By: Larry MacDonald
In his blog post, “Looking for Mr. Goodnews,” MoneySense editor Ian McGugan remarks on how he finds most economic and stock market commentary of not much value, except for a handful of individuals who have proven themselves over time. As it turns out, all of the latter are currently bearish on the economy and stock market.
But he needs to find a Mr. Goodnews for a story he is working on in MoneySense magazine, i.e. i) someone who has good track record, ii) is currently bullish, and iii) believes in a V-shaped recovery. So he puts out a request in his blog to readers: do you know of such a prognosticator?
An obvious candidate is Lakshman Achuthan of the Economic Cycle Research Institute (ECRI). His firm enjoys a reputation for having some of the best leading economic indicators around. The Economist magazine said in 2005: “ECRI is perhaps the only organization to give advance warning of each of the past three recessions; just as impressive, it has never issued a false alarm.” The IMF also said in 2005: “ECRI has had a very stellar record.

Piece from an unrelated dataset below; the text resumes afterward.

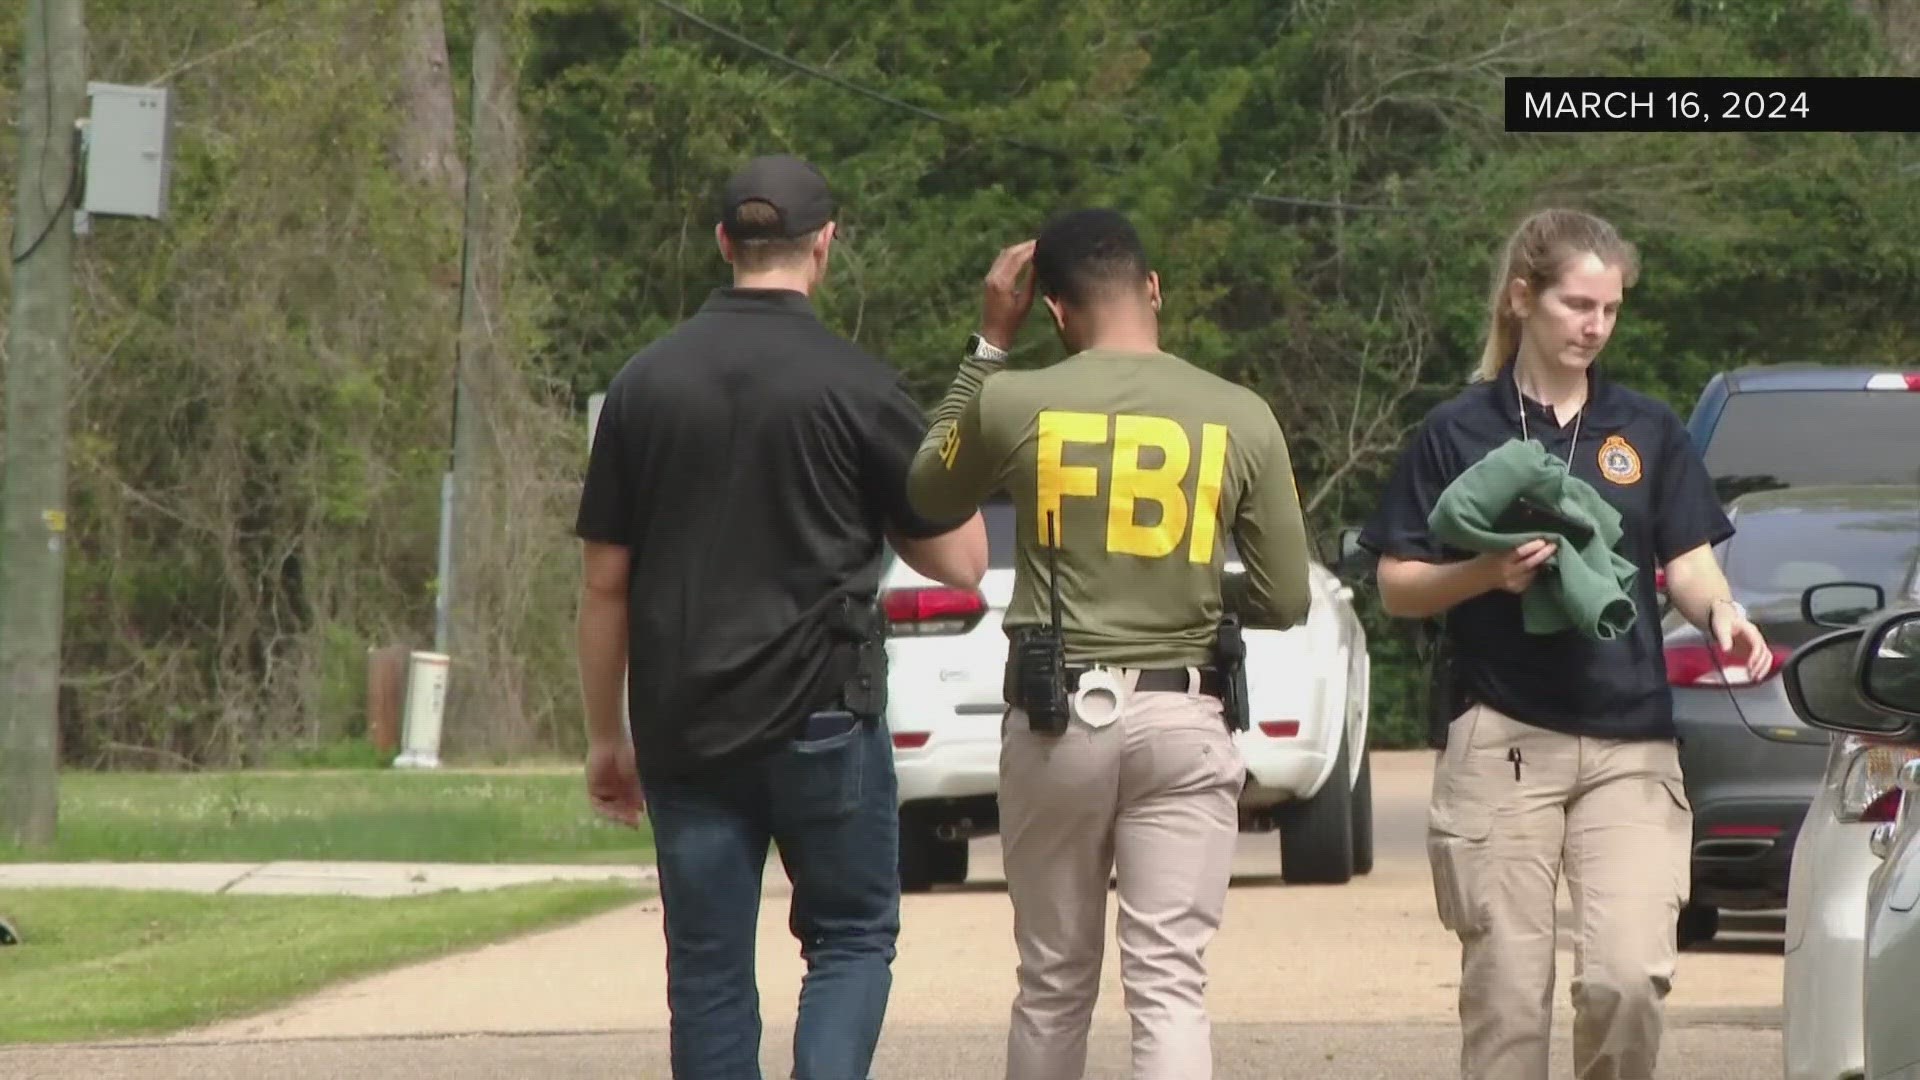 A Madisonville man was arrested after an FBI raid of his home showed homemade explosives.

In the week ending Aug. 14, ECRI’s Weekly Leading Index (for the U.S.) rose to a yearly high of 125.0 – and is growing at annualized rates not seen in 26 years, since July 29, 1983. “It is high time to break from the herd of pessimistic analysts, who will continue to bemoan economic weakness long after the Great Recession is history,” Achuthan told Reuters. He added that he expects the recovery to take hold at a stronger pace than any seen since the early 1980s.





2 Responses to “ Mr. Goodnews’ V-shaped recovery ”
Hope he’s right. Reminds me of a guy who keeps a running score of the accuracy of US stock market forecasters at http://cxoadvisory.com/gurus/. The average and the median are both under 50% accuracy and the worst seem to be contrary indicators. That the top forecaster is only 62% accurate is a telling number.
By CanadianInvestor on Aug 27, 2009
CI
ECRI just forecasts the direction of the economy (not stock markets) and have had some success in calling recessions and recoveries — as the quotes from Economist and IMF indicate. Of course, that doesn’t necessarily mean they will be right this time around.